Step B5: generating the sub- magnitude of feature point description, 44 rectangular areas is taken around characteristic point, and obtain rectangular area Direction be along the characteristic point principal direction;All subregion counts horizontal direction and Vertical Square of 25 pixels with respect to principal direction To haar wavelet character;
Step B6: matching characteristic point, by calculating the Euclidean distance between two characteristic points to determine matching degree, Europe Family name's distance is shorter, then the matching degree of two characteristic points is better.
Specifically, detecting characteristic point using Hessian matrix in the step B1, determinant represents pixel week The variable quantity enclosed, therefore take in determinant maximum and minimum as characteristic point, the discriminate of the matrix and obtain part Maximum is then determined that current point is brighter or darker than other points in its neighborhood, and is positioned with this key feature points;Use ruler The determinant of degree σ is detected characteristic point to reach constant on scale, the Hessian matrix such as formula in scale σ (1) shown in:
Wherein H (p, σ) is Hessian matrix, and σ is the scale of the Hessian matrix, and p is a bit in given figure And p=(x, y), wherein L in matrixxyFunctions such as (p, σ) are the gray scale image after second-order differential.

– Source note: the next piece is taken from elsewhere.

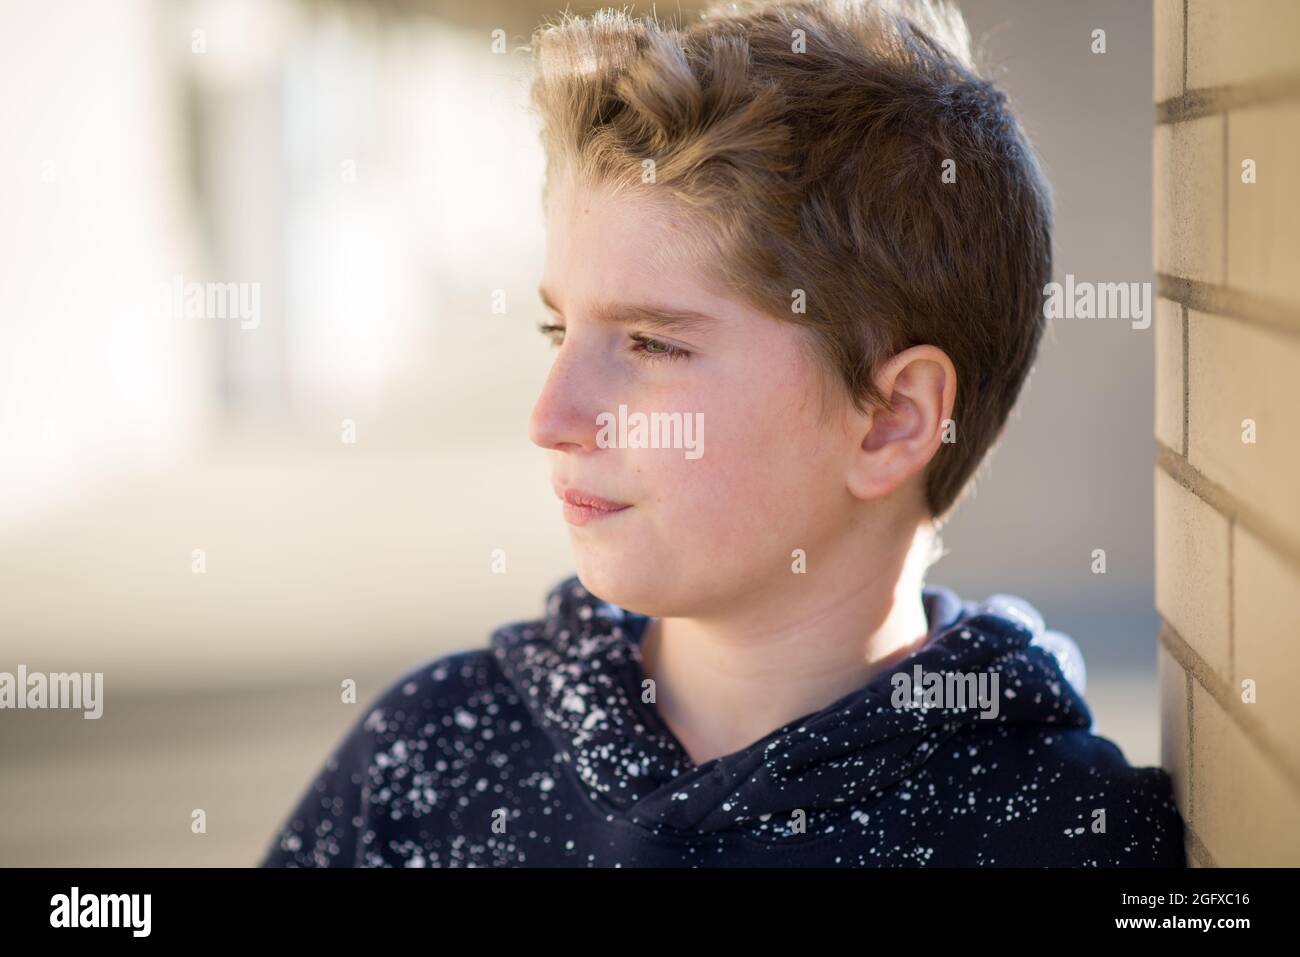 Retrato de un chico lindo con pelo rubio Foto de stock

Specifically, having used square filter to replace Gaussian filter in the step B2, to reach Gao Si Steamed paste Approximation, shown in filter such as formula (2):
By selecting 9 × 9 most bottom scale as square filter, so that its filter effect is similar to the Gauss of σ=1.2 Filter.
Specifically, the method positioned in the step B3 to image characteristic point includes:
The scale of image is determined by square filter size, wherein the scale of the bottom, i.e. the square of initial gauges Filter size is 9 × 9, and the filter scales on upper layer are greater than the filter scales of lower layer, and the conversion formula of scale are as follows:
Wherein σapproxFor the filter scales for specifying the number of plies, Currentfiltersize is current filter size, BaseFilterscale is primary filter scale, and BaseFiltersize is primary filter size;
The step B3 also uses characteristic point Hessian determinant of a matrix value as neighbouring Study on Data Interpolation with location feature Point.
Specifically, haar wavelet character is that horizontal direction value, vertical direction value, horizontal direction are absolute in the step B5 The sum of value and 4 directions of vertical direction absolute value.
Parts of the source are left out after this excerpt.